I'm only really looking for a Print/Cut system. I see this cutter will cut ready made bubble jet type transfer sheets with the optical eye...right ?.

How efficient is it with volume cutting jet transfer sheets ? ...how fast is it ?

I would like something that could cut jet transfers in roll/wide format more than sheets. Is there a printer for such ? ...is there a cost sensable way ? for 20" wide jet print/cut rolls etc...

just confused on what to buy.... please help me out here, what do you guys recommend...I'm a total knob with this digital jet-print/cut stuff. 

But I have a few pesos/budget, 2006/bonus $$$  

does Josh ship to or have a distributor in Canada ?


----------



## vctradingcubao (Nov 15, 2006)

Lucy, get the 54" Versacamm. If you do, I'll be next.


----------



## Rodney (Nov 3, 2004)

> does Josh ship to or have a distributor in Canada ?


I think Josh can ship to Canada. Best to give him a call (or email or PM) and ask to make sure 

I don't know how many manufacturers there are out there, but the roland print/cut systems run $12,000 - $20,000 USD.


----------



## tallermaguana (Feb 28, 2007)

i suggest roland gx 24 it work great for opaque transfer


----------



## DAGuide (Oct 2, 2006)

The best case scenario would be to go with a Printer / Cutter all-in-one. Roland DGA (Roland DGA Corporation - North and South America) is the products you want to look at. You should note, that Roland is very strict on where one of its dealer can sell these types of products.
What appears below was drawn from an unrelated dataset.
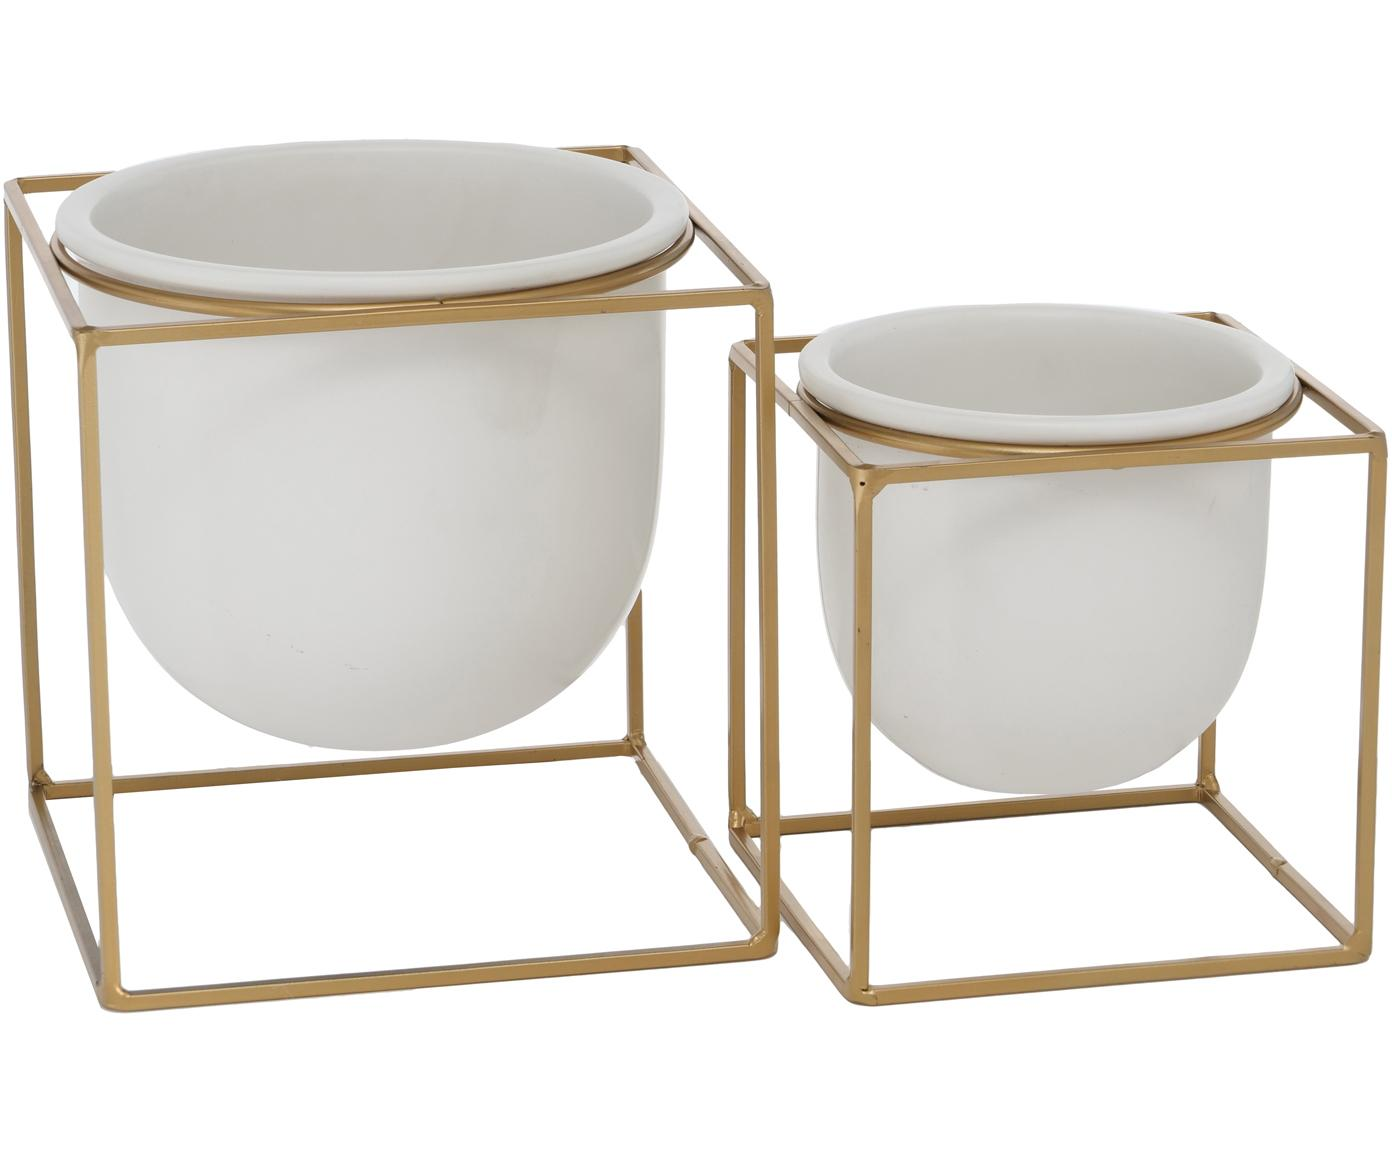 Set 2 portavasi con struttura in metallo Kumbo, Struttura: metallo rivestito, Bianco, ottonato, Set in varie misure

Basically, anything on the Color Division of the company is territory restricted. You will need to go to their website and search for the appropriate dealer for you. I seriously doubt that Imprintables has the ability to sell into Canada for these types of products. The starting price is $13,000.00 (USA).

However, Imprintables (and several other companies) can sell you the GX-24 (or the other cutters that are larger). There is no restrictions on the products that come from the ASD division of Roland. It really depends on what types of inks you would prefer to run. You could go with either an Epson 7800 / GX-24 or Epson 9800/GX-500 packages if you want to do traditional transfes. If you want to do sign graphics, you will probably want to look at mild to solvent based printers. 

If you need more information, send me a private message. I have some experience on the large format side with some of my products.


----------



## COEDS (Oct 4, 2006)

I just went the the seminar put on by Imprintable and the Great Garment graphics. Wow !! those print and cut machines are something else. If they bring the seminar close, I suggest you check it out. THere was a large amount of information available. ... Good Luck .... JB


----------



## Law Dog (Jan 14, 2007)

T-BOT

I drove 250 miles (each way) yesterday to meet the legendary Josh Ellsworth and see a presentation of the Roland Versa-Camm 300. OMG. It is so cool....... The only thing I didnt care for was, I am 100 miles to far out of imprintables territory to own one. If you get a chance to see a demo, take it. I can't do it justice. 

Mark


----------